Rwandan general, priest jailed for life on genocide

A Rwandan military tribunal on Thursday handed a life sentence to a former senior military commander and a Catholic priest over their involvement in the country's 1994 genocide, officials said.

bdnews24.com
Published : 16 Nov 2006, 12:00 PM
Updated : 16 Nov 2006, 12:00 PM
KIGALI, Nov 17 (bdnews24.com/Reuters) - A Rwandan military tribunal on Thursday handed a life sentence to a former senior military commander and a Catholic priest over their involvement in the country's 1994 genocide, officials said.
Major-General Laurent Munyakazi was until his arrest in September 2005 a top commander of a Rwandan military division in the north-east of the country.

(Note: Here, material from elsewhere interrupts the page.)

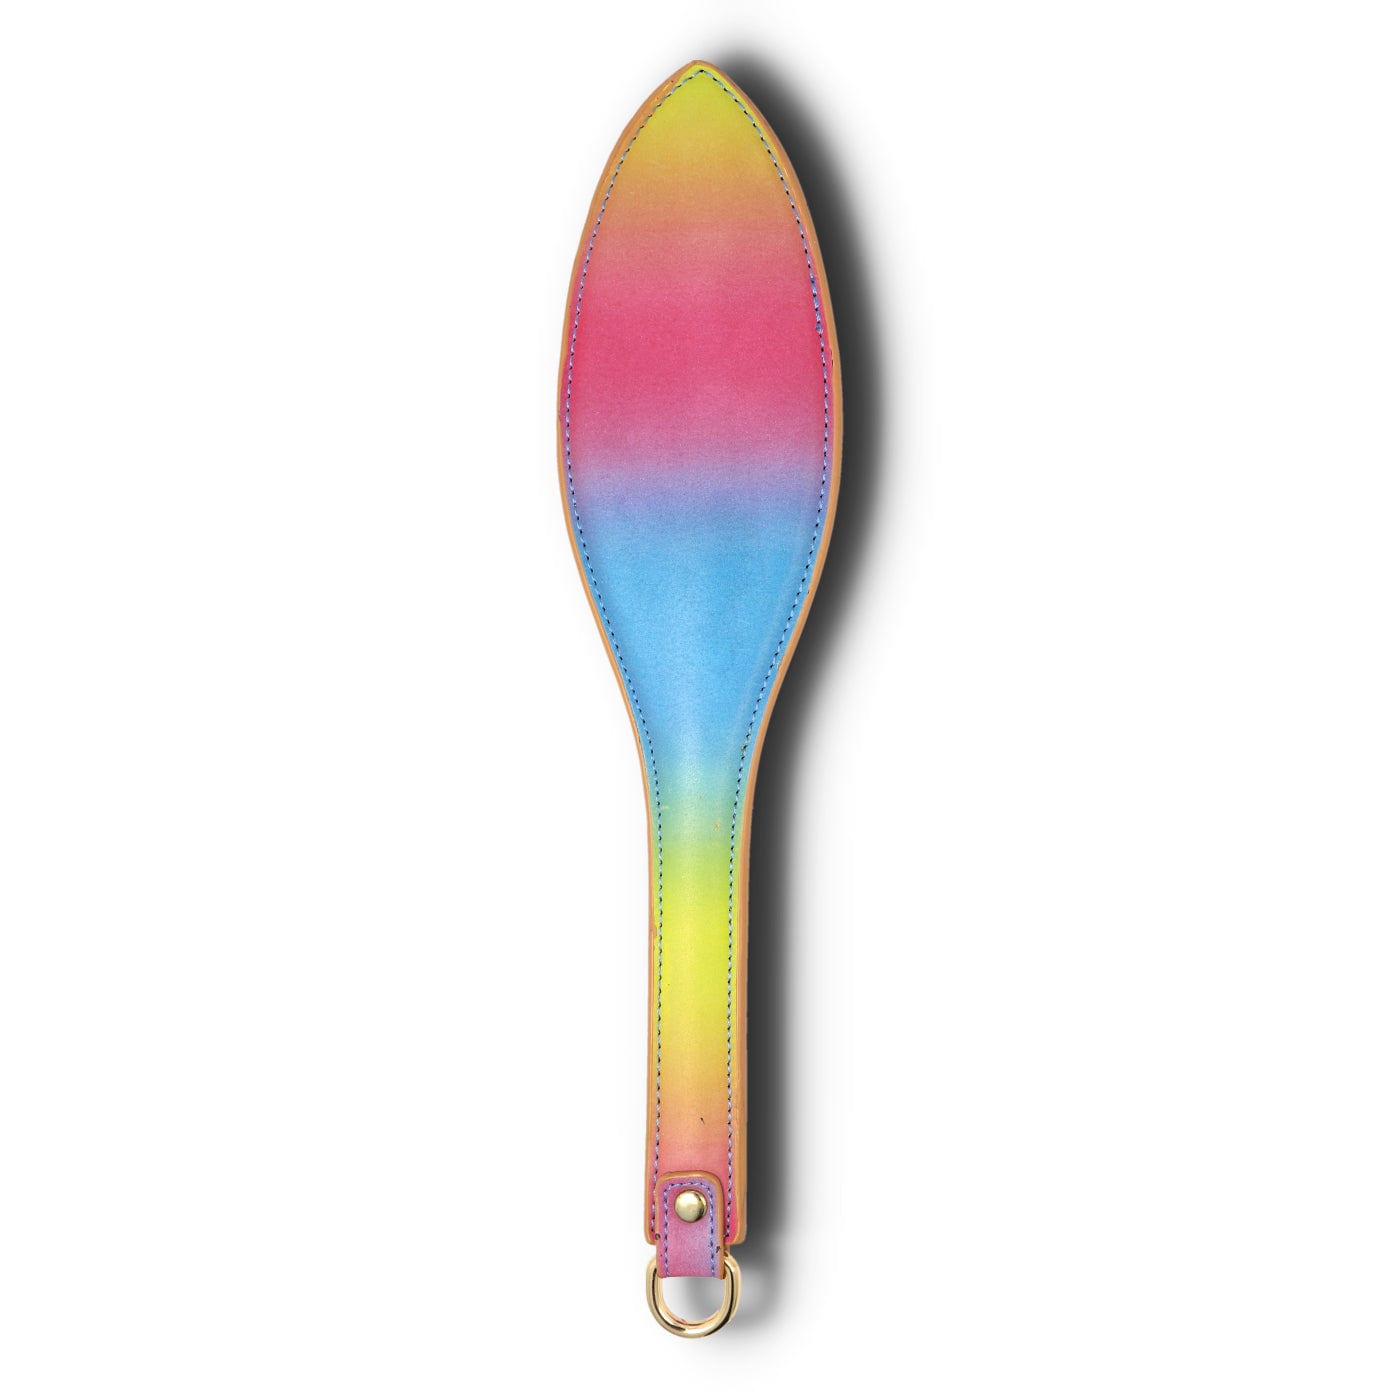 regnbuefarvet paddle i ægte læder til spanking og bdsm

His co-accused, Father Wenceslas Munyeshyaka, who was tried in absentia, was also sentenced to life after he was found guilty of complicity to commit genocide and rape.
"The evidence provided by the prosecution was sufficient to convince the court that the accused are guilty," the president of the military tribunal Karenzi Karake said.
Prosecutors case had requested the death penalty for the two. But last month Rwanda embarked on a campaign to rally public support to abolish capital punishment.
The tribunal found Munyakazi guilty of killing around 215 Tutsis at two catholic cathedrals in Kigali.
He was also convicted of the murder of 17 youths he picked up from another church in Kigali who later disappeared with no trace, and three people in the Democratic Republic of Congo where he had briefly fled to seek refuge.
Munyakazi was a senior member of the former Rwandan army during the genocide, heading a military elite unit which was in charge of security at essential institutions in Kigali.
He was integrated into the current Rwanda army after the genocide in which an estimated 800,000 people were killed.
Munyeshyaka, the former head priest of St Famille parish in Kigali, was accused of working with Munyakazi to commit the crime. He fled the country after the genocide and authorities believe he is in France.
The court gave both men two weeks to appeal the verdict at the Rwandan Military High Court.
Munyakazi, a Hutu, was arrested on orders from a traditional gacaca court after he was accused of intimidating witnesses and trying to destroy evidence.
Last week the gacaca courts sentenced a Catholic nun to 30 years in prison for helping militiamen kill hundreds of Tutsis hiding in a hospital during the genocide.